Josep Maria Ruiz Simon - LA VANGUARDIA 22/12/2009
La revista Cités se ocupaba, en una de las entregas de este año, de una grave enfermedad epidémica que se extiende por instituciones y empresas y que ataca indiscriminadamente a todos los sectores, en los servicios privados y en los públicos: la ideología de la evaluación. Su director, Yves Zarka, mantenía, en su escrito introductorio, dos tesis: que esta ideología existe y que es una de las grandes imposturas del último decenio. No seré yo quien lo desmienta. Evaluar significa señalar el valor de una cosa. La ideología de la evaluación juega a dar por hecho que este valor puede medirse neutral y objetivamente. Y sobre este prejuicio y sobre la fe ciega en que de esta medición depende la optimización de los resultados o los servicios edifica su Iglesia. Como señala el propio Zarka, la trampa consiste en hacer pasar por una medida objetiva o como un control factual de calidad lo que es un puro y simple ejercicio de poder. Gracias a este juego de manos, ejercen su imperio quienes tienen la potestad de decidir sobre lo evaluable y sobre la manera de evaluarlo y quienes nombran a aquellos expertos en evaluaciones, que fijan los criterios de evaluación, y a los evaluadores expertos, que a partir de ellos juzgan. Las virtudes de esta manera de ejercer el poder son evidentes, sobre todo cuando los ingresos de los evaluados dependen del valor que se fija por sus servicios. Se trata de una buena práctica, diría incluso que de una práctica inmejorable, cuando el objetivo buscado es conseguir subrepticiamente que quienes son objeto de evaluación se adhieran, sumisos e incluso con entusiasmo, a la lógica desde la que se los valora, aunque esta pueda no ser la propia de los servicios que prestan, como sucede, por ejemplo, cuando se valora, con criterios economicistas, la productividad de los servicios de enseñanza. Ante esta ventaja, se convierte en una cuestión baladí la del probable empeoramiento de los servicios que la evaluación pretende optimizar. Las aportaciones de la ideología de la evaluación a la historia reciente de aquella servidumbre voluntaria de la que habló La Boétie en el Renacimiento son inestimables. Y llegan a superar en eficacia los resultados alcanzados en este mismo ámbito por la ideología de las privatizaciones con su precarización del mercado laboral.

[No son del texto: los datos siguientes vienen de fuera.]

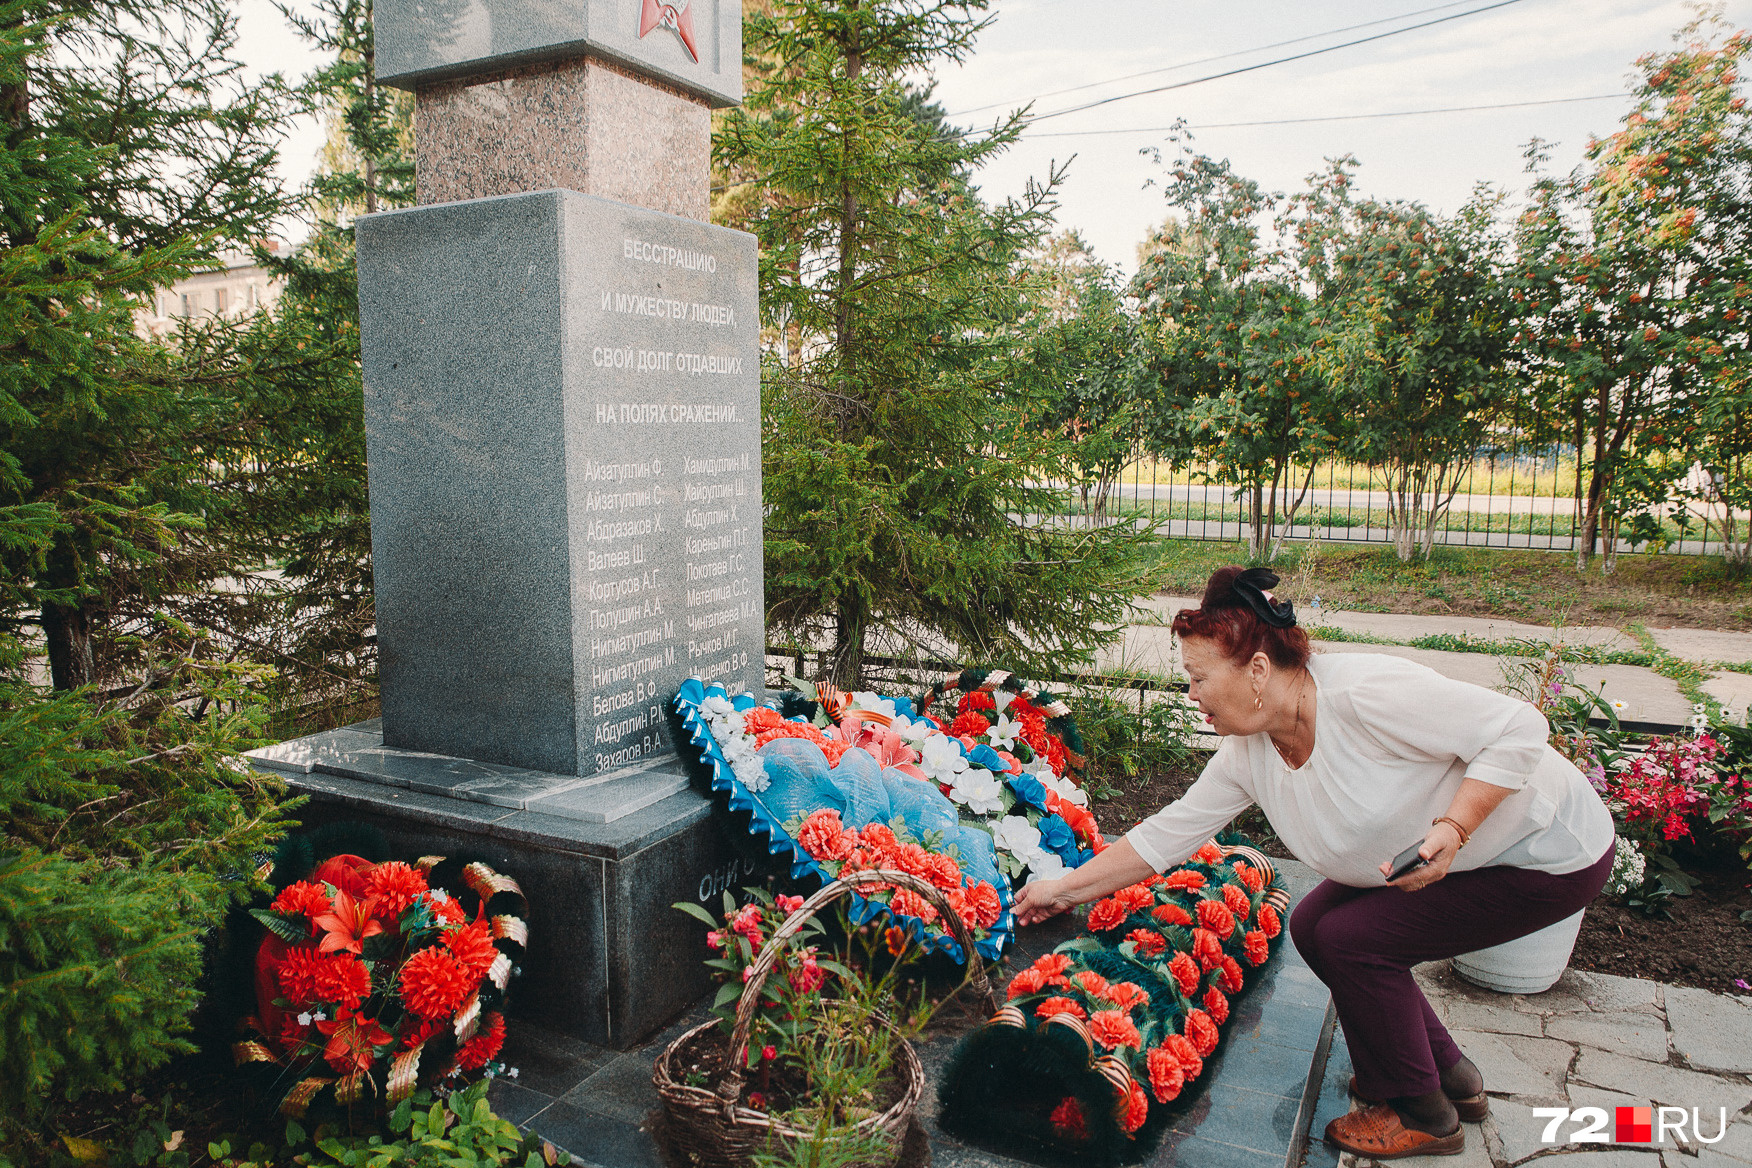 Мама Раушана Абдуллина принесла венок к мемориалу у школы. На нем можно увидеть две фамилии Абдуллиных: дедушки, воевавшего в Великую Отечественную войну, и внука, павшего в сражении в Южной Осетии

Constata también Zarka que, en su apoteosis actual, la evaluación se ha situado a sí misma como una disciplina universal, como un saber sobre el saber, como una competencia sobre la competencia. Esta peculiar inserción de la ideología de la evaluación en el ámbito del conocimiento hace pensar en aquella sabiduría que Aristóteles denominó la ciencia buscada, la misma que acabo recibiendo por error el nombre de metafísica y que Leibniz, que murió sin conocerla, describió como una ciencia anómala porque, pese a ser considerada la reina de les ciencias, seguía siendo una ciencia por encontrar.